While some people may have concerns about using AI to modify human behavior, lots of companies see value in such an approach. “Some of our early enterprise partners are looking at plugging mpathic into their Slack, Gmail or whatever, primarily because they’re interested in this idea of quickly onboarding cross-cultural and global teams,” Lord said. “I think it can be useful for unifying mission values language for a company.”
Last month, mpathic was one of 14 startups that pitched at PIE Demo Day. PIE (Portland Incubator Experiment) is led by general manager Rick Turoczy and seeks to provide founders — often first-time entrepreneurs — with access to mentorship and networks.

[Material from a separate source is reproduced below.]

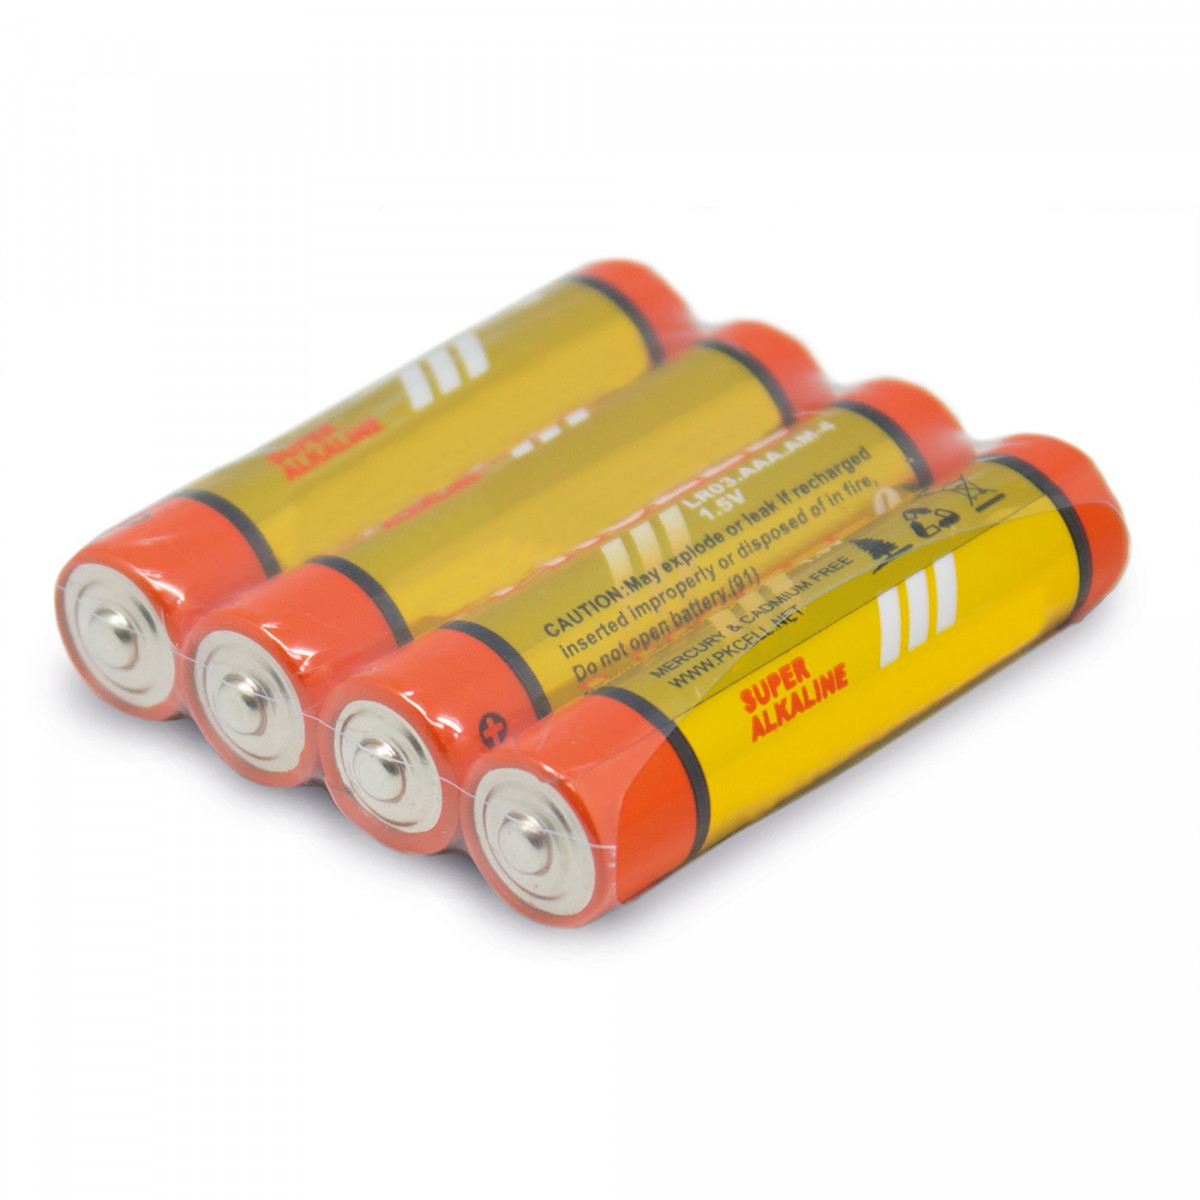 Batterie alcaline r03 aaa

Empathy Rocks and mpathic intentionally source and curate their data to include underrepresented voices and are part of All Tech is Human as well as other communities committed to ethical AI development.
Empathic AI is part of a much broader field of computer science, originally known as affective computing and more recently referred to as emotion AI or artificial emotional intelligence. Originating out of MIT Media Lab and other research institutes about 25 years ago, emotion AI involves systems that can read, interpret and interact with human emotions. Since emotion and especially empathy are central to the human condition, such work has the potential to make our technologies interact more easily, humanely and responsibly with people, both at home and in the workplace.